This emphatic commitment to the melting pot of America was inspiring to many, but it also brought Baldwin harsh criticism. In his influential pamphlet The Crisis of the Negro Intellectual, Harold Cruse, for example, attacked Baldwin in 1967 as a “rather innocent and provincial intellectual”, bending “over backwards to avoid criticism of Jews while pretending to be angry with whites”.[3] And he accused him of downplaying the power of Jews in America. If not as a “Jew-lover,” then certainly as an “apologist for the Jews,”[4] Baldwin allowed himself to be drawn into a conspiracy in which the Jews were working to integrate Black people in order to hinder their struggle for their own identity, culture, and ultimately nation, while they had created that very thing for themselves. As rival “nationalisms” within the U.S., whose common fate is that they cannot and will not be absorbed without trace into the integrated white America, Jews and Black people become antipodes for Cruse, whose struggle for their own collective identity is essentially modeled agonistically. However, while Jewish identity as a cultural identity appears clearly contoured for Cruse, and with the founding of the state of Israel in 1948 a homeland was created that also gave the Jews within the United States great assertiveness, both the cultural unity of the Black community and their claim to their own nation state remained unrealized, with the demand for integration and assimilation of Black Americans – also and especially advocated by American Jews – standing in the way of the realization of these ideals.  

Unlike Baldwin, whose literary treatment of antisemitic images and tropes is often fractured, Cruse presents a narrative that is antisemitic in its entirety. Against the backdrop of the ethnic pluralism he advocates for, he can only perceive the demand for integration in the mode of assimilation of Black people into the American majority society as a betrayal of the cause of a decidedly Black American identity and culture, and it is then above all American Jewry that Cruse identifies as the sinister power that encourages this betrayal, by the very fact that it has accompanied and actively supported the integration efforts of Black people in the course of the civil rights movement in solidarity. What strikes me as decisive here is not so much the antisemitic resentment that Cruse obviously harbored as an individual, and which runs like a red thread through his brilliant polemic, but rather that this resentment emerges in the context of a fundamentally different view than Baldwin’s of what the emancipation of Black people in America would ultimately mean. Where Baldwin’s universalism remains rooted in the ideal of integrating an American identity, Cruse rejects this integration in favor of ethnic pluralism.

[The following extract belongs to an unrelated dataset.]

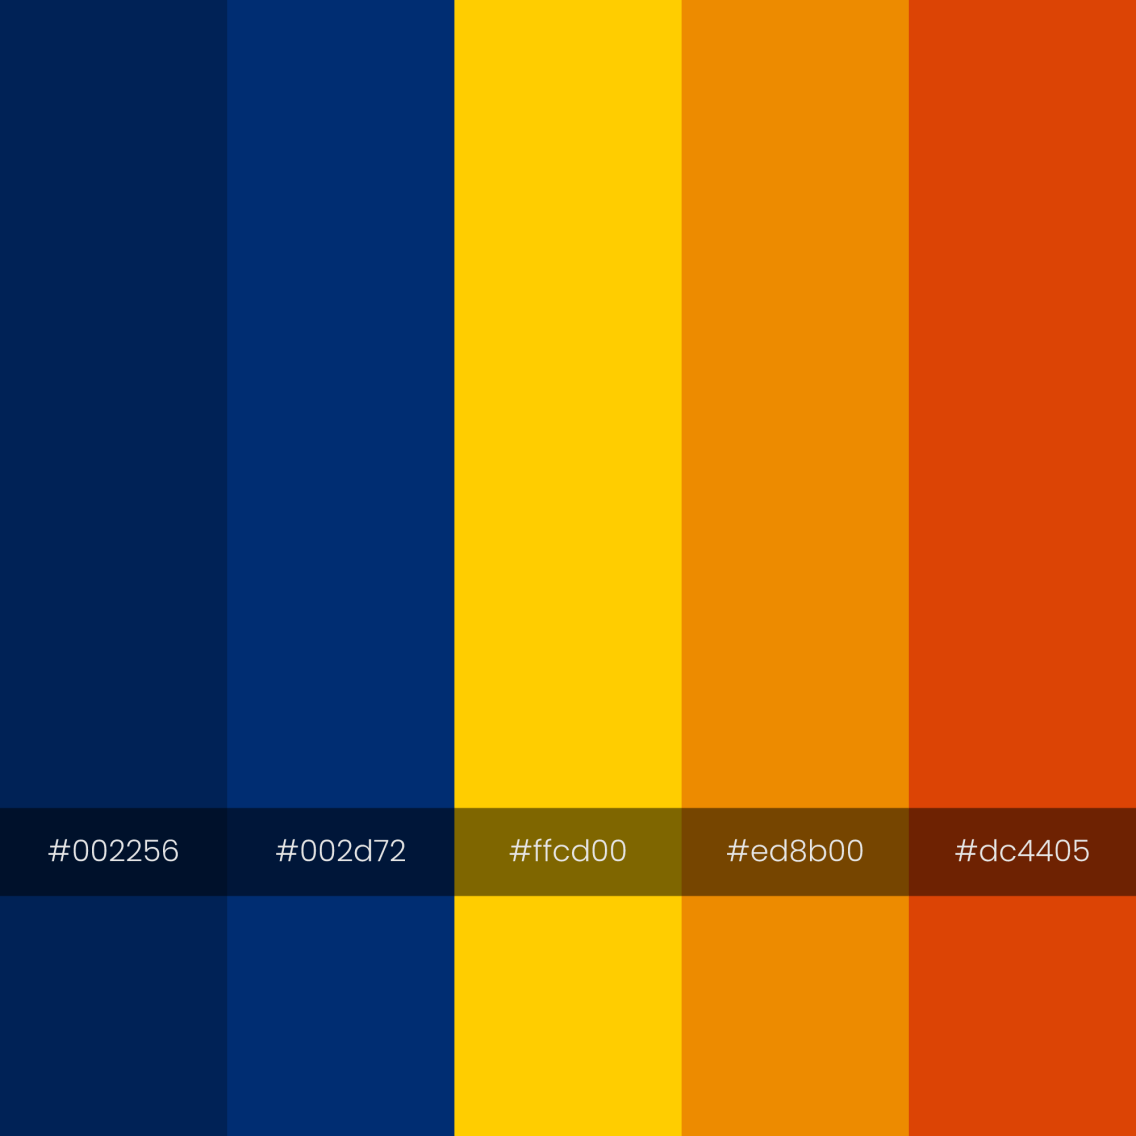 color-palette-2000-2000-morgenland-extended

James Baldwin, 1969. Wikipedia Commons.

Cruse’s antisemitism did not go unnoticed and was criticized early on[5], but his diagnosis of the crisis was groundbreaking. And while Baldwin’s “innocent” universalism seemed romantic and outdated in the face of growing Black-white tensions, the ethnic pluralism advocated by Cruse became the paradigm of identity politics agitation within the Black Power movement. Black nationalist groups and the notoriously antisemitic Black Muslims quickly gained influence in the movement, and the anti-Jewish resentment found in much of the movement’s literature had an impact on those Jews who were recognizably Jewish and also on those who lived among the Black community, which did not apply as such to the assimilated Jews in the suburbs. In the late 1960s, the U.S. experienced a wave of inner-city violence in which anger against the “white exploiting class” in integrated neighborhoods was regularly vented against Jews and their property. 

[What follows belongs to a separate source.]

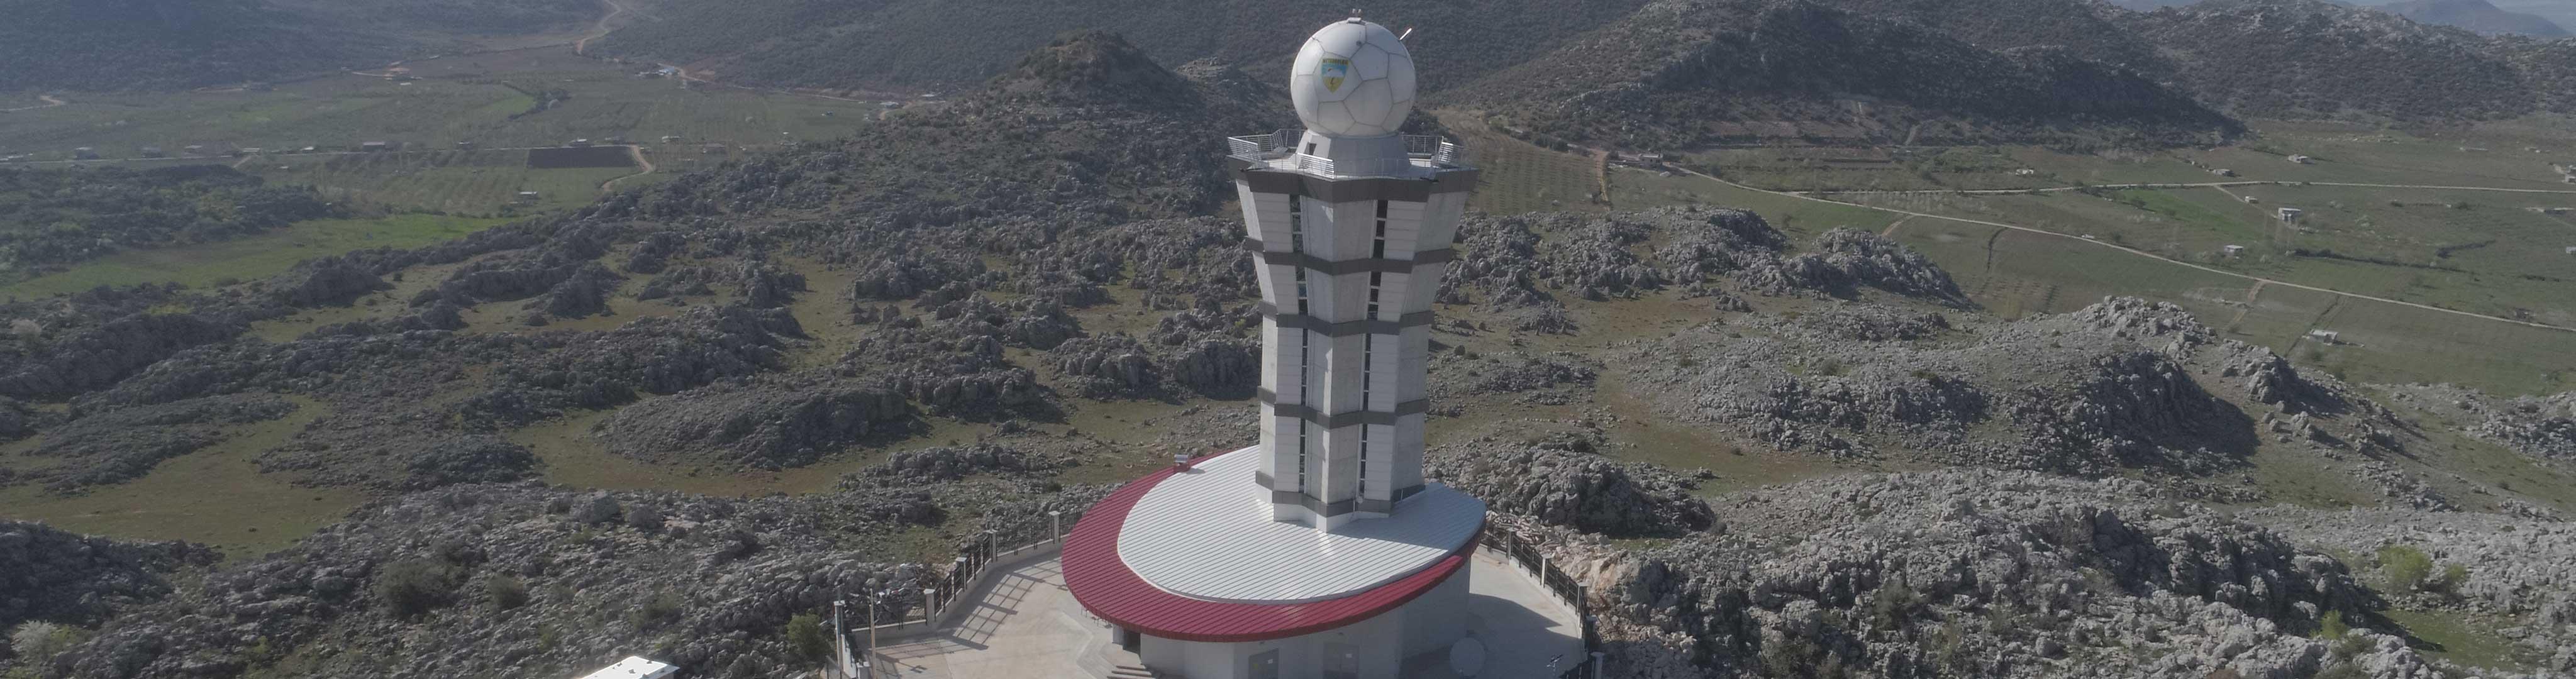 <h3>C-BAND METEOROLOGICAL RADAR</h3>  <p>For Turkish State Meteorological Service</p>

This situation led to the founding of the Jewish Defense League in Brooklyn in 1968, a group that is almost forgotten today, but not unimportant for the history of Judaism in the United States. Grouped around the charismatic Rabbi Meir Kahane, who represented a peculiar and deeply American blend of cultural conservatism, militant assertiveness, and Jewish identity politics, a milieu of young Jewish men emerged that was decidedly militant and often armed. The fact that Kahane had obviously borrowed his idea from the Black Panthers, from whom he borrowed not only his group’s logo (supplemented by a yellow star) but also considerable parts of his rhetoric, earned him the name Panther Reb. And his men, with their Jewfros, leather jackets, and berets, confidently imitated the Panther style. At the same time, however, it was the urban Black Power groups with whom they were permanently at odds from the outset. The reason for this had less to do with Kahane’s racism, which only came to the fore in the 1980s, albeit in Israel, than with local conflicts that arose, for example, over school policy. The now predominantly Black neighborhoods were to be taught by Black teachers, an initiative that enjoyed great support among liberals and liberal Jews. However, it conflicted with the life and career plans of those teachers who had previously served in Brooklyn and demographically similar neighborhoods, the majority of whom were Jewish. Kahane took their side and made himself the mouthpiece of an economically backward, traditionalist Jewish milieu, in whose name he eloquently and classistically polemicized against the Jewish establishment. At the same time, he became a militant advocate of Jewish identity politics, which could be and often was understood as racist, since the Jews whose self-assertion he sought to organize were addressed by the Black Power activists as white and thus as part of the majority society that was to be fought as racist.

Members of the Jewish Defense League march in New York, 1982.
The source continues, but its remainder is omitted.